((

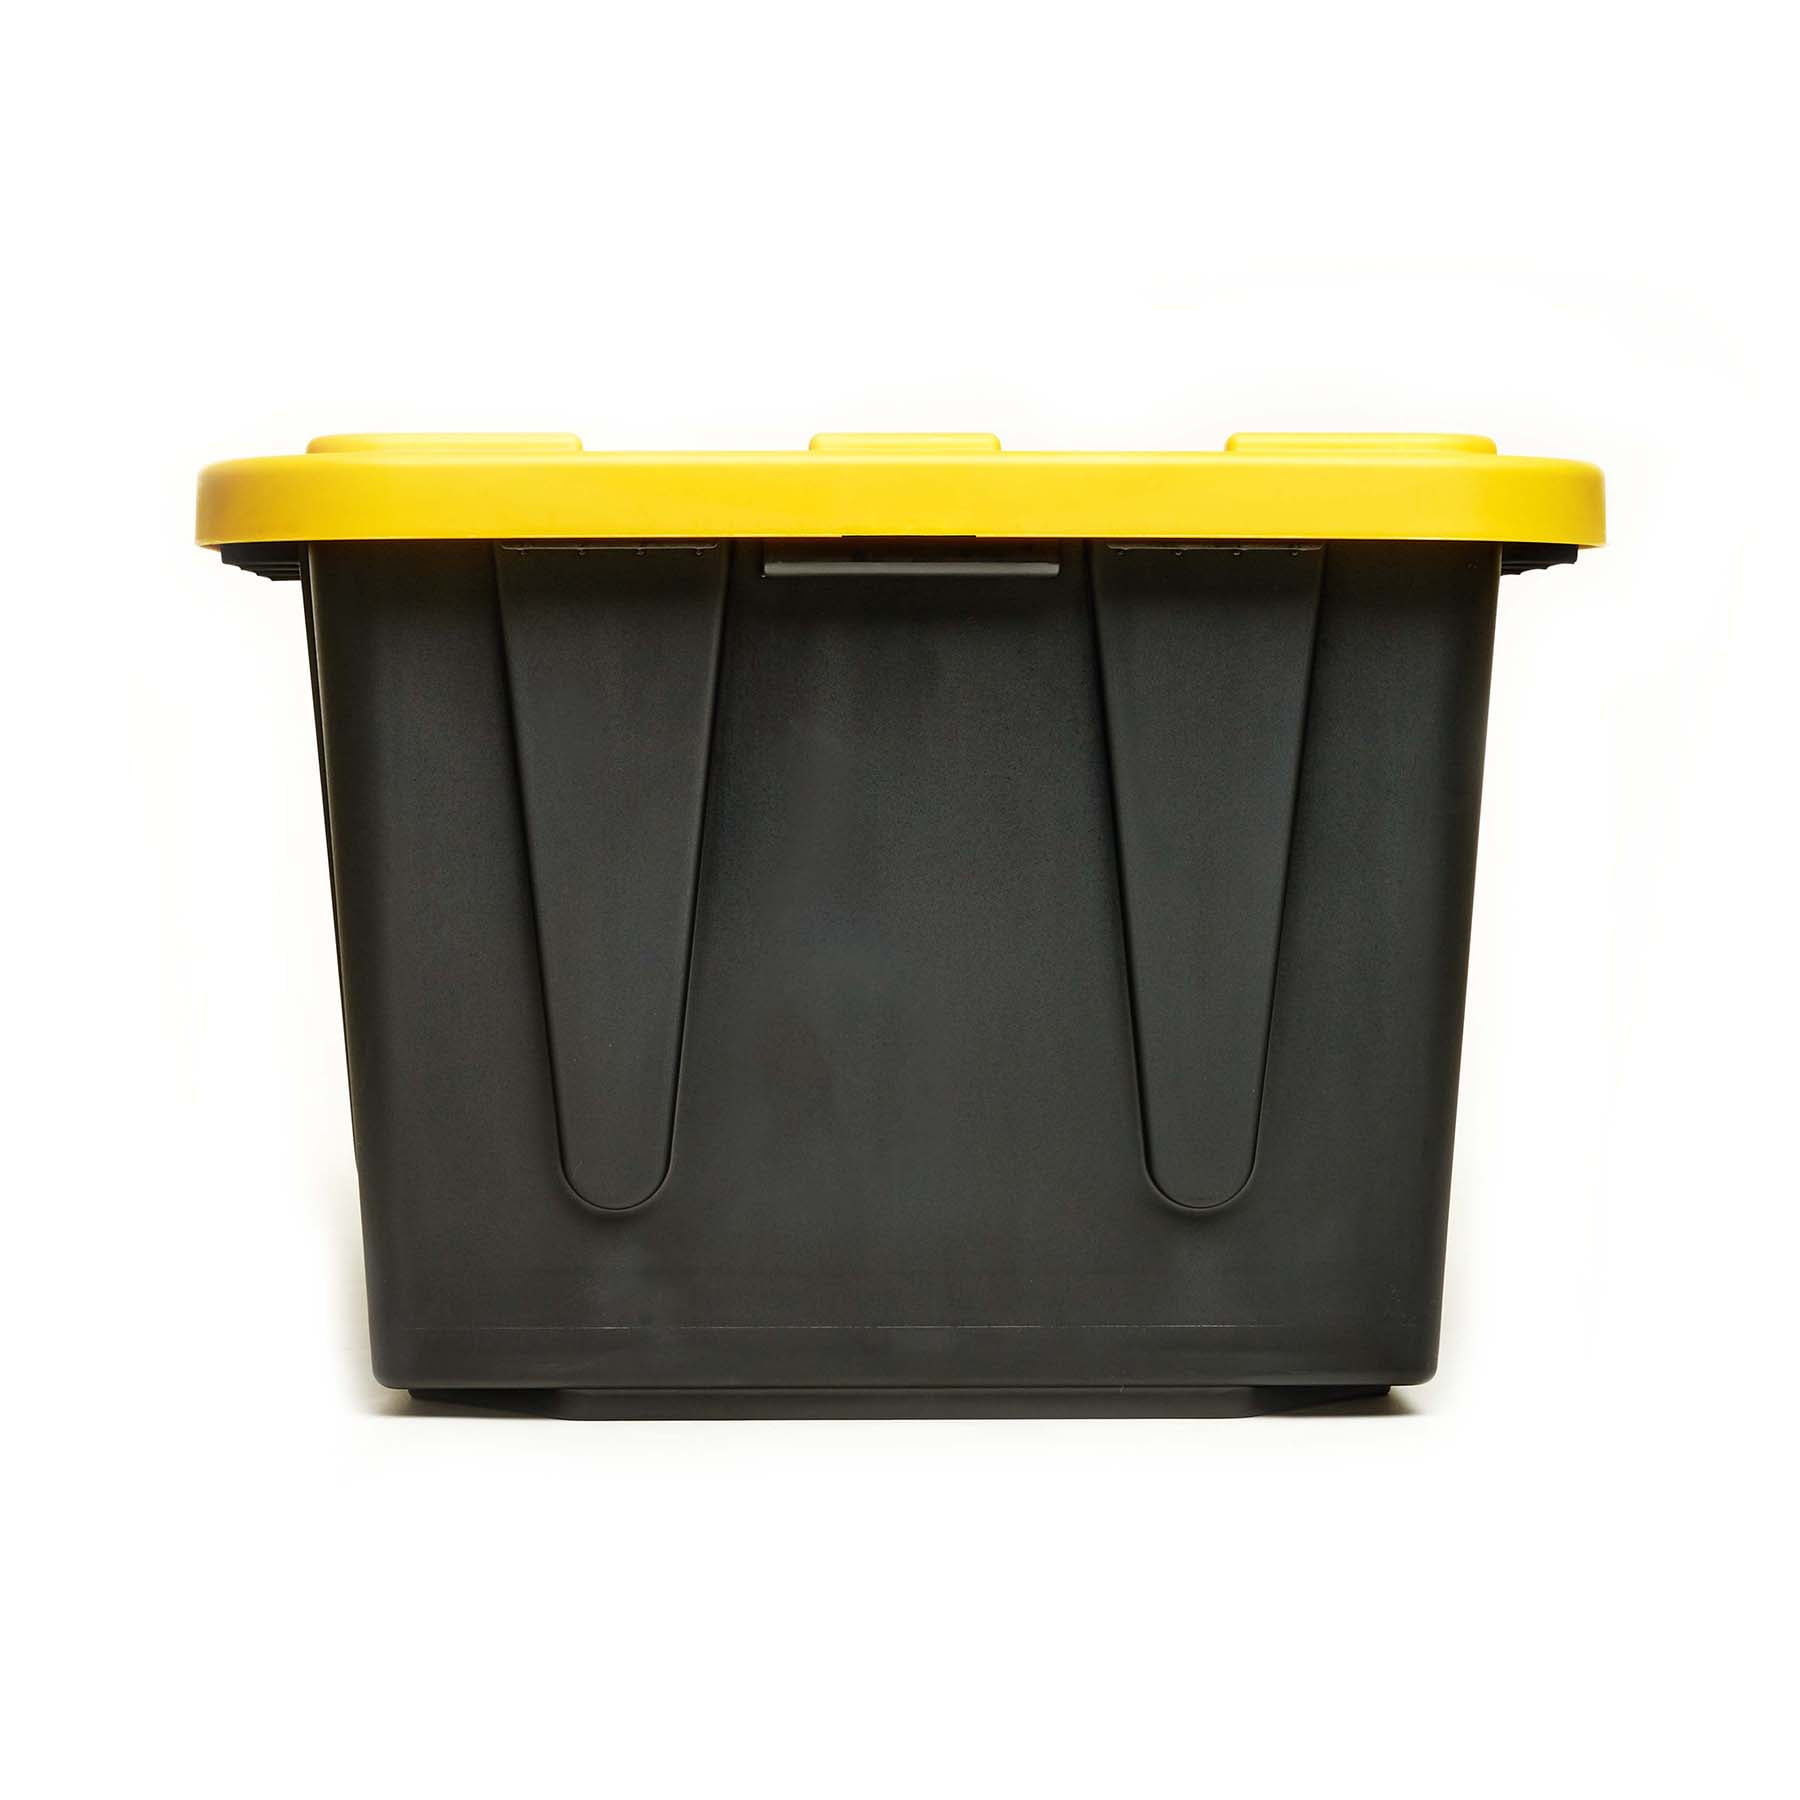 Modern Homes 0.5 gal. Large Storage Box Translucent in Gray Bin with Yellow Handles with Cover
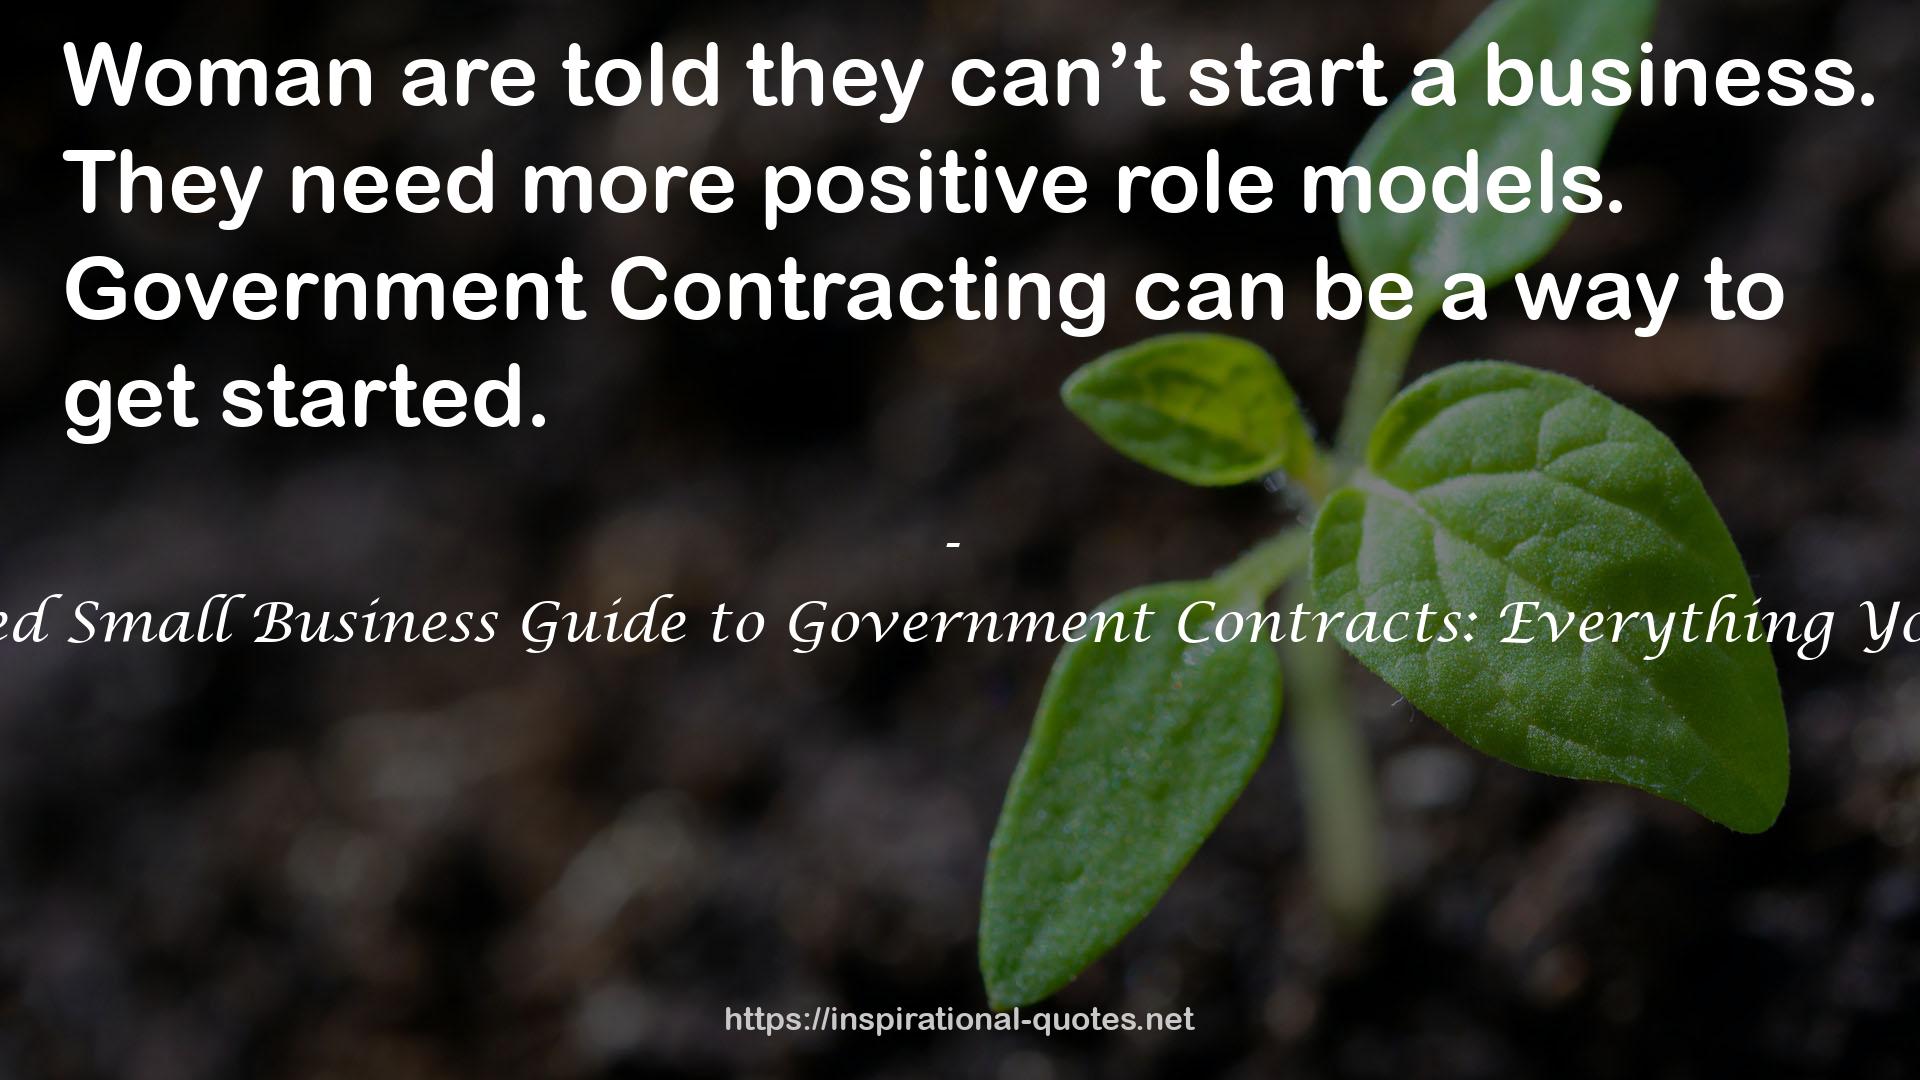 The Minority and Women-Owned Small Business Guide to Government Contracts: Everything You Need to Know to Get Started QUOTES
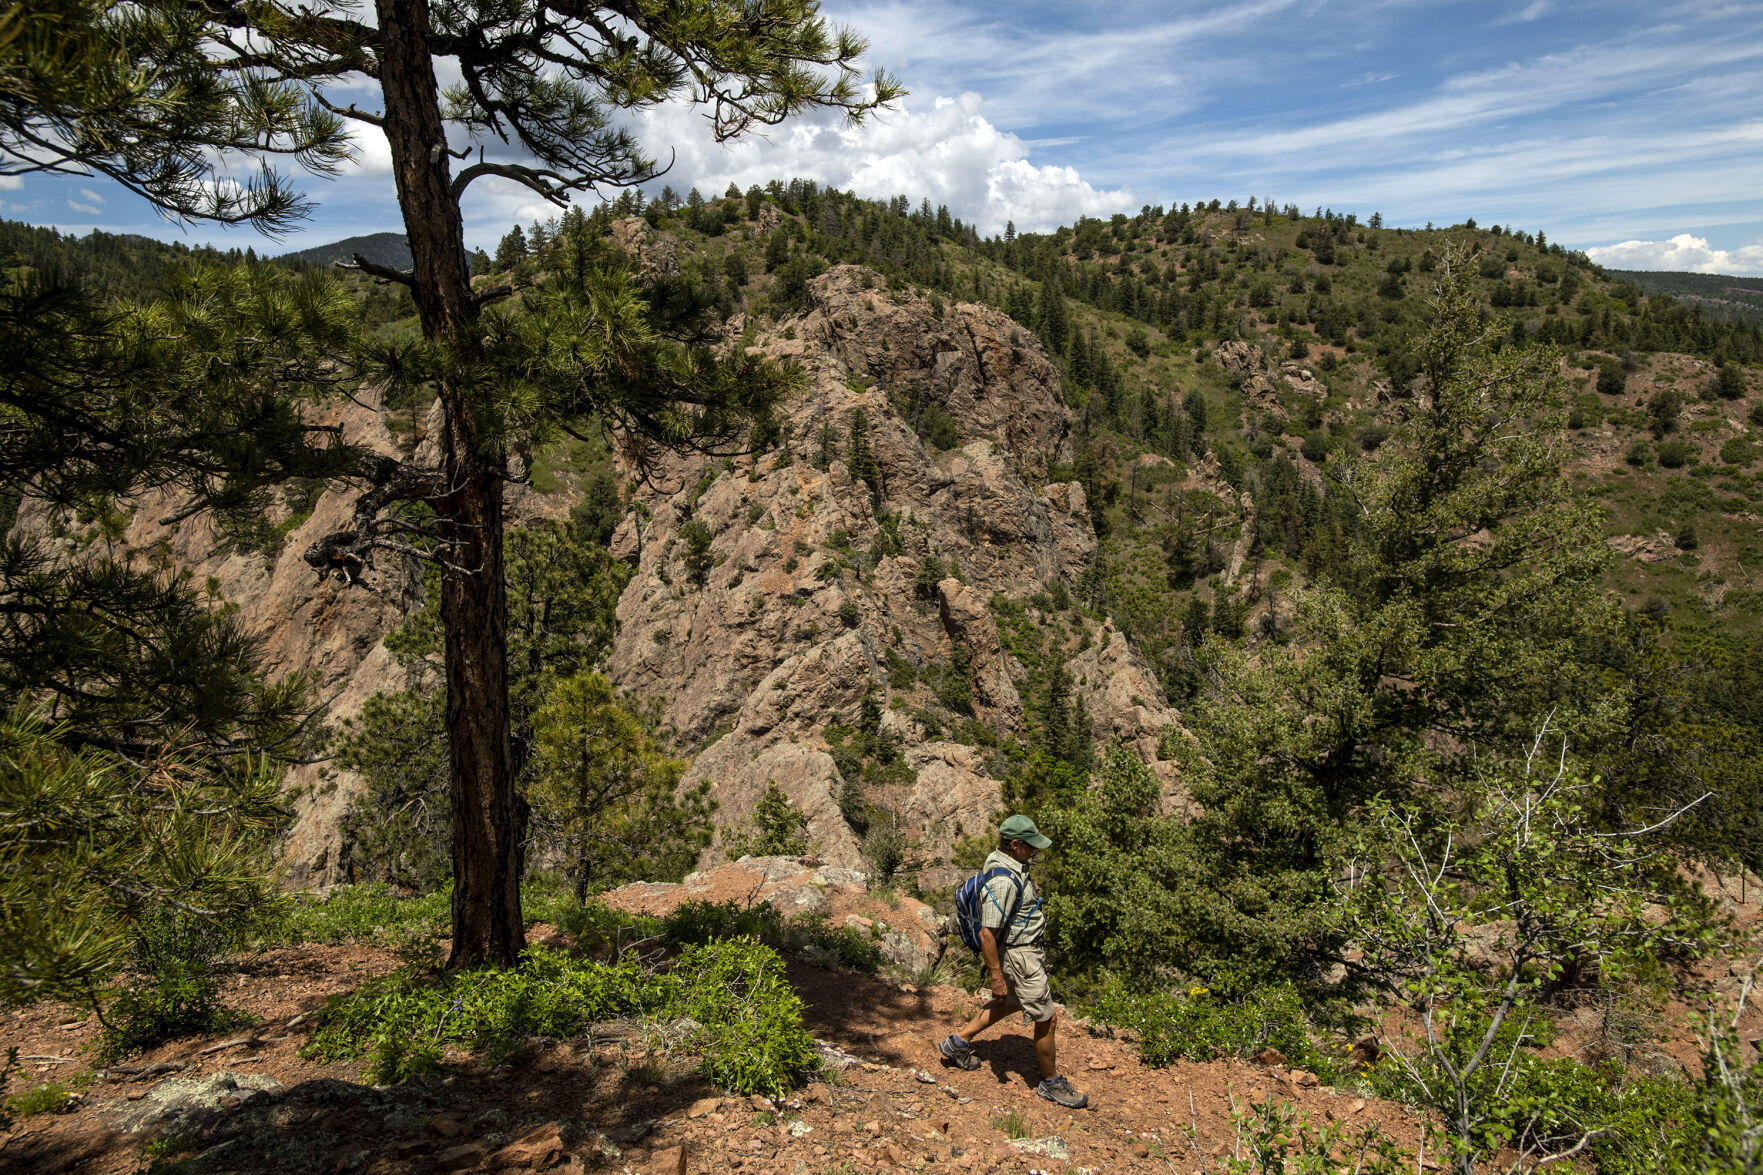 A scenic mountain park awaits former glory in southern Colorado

))

Goal of the exercise:
Here the lines from the one containing "The Minority and" through the end of the material are to be copied exactly, with the pictures omitted.

Solution:
 The Minority and Women-Owned Small Business Guide to Government Contracts: Everything You Need to Know to Get Started QUOTES
 A scenic mountain park awaits former glory in southern Colorado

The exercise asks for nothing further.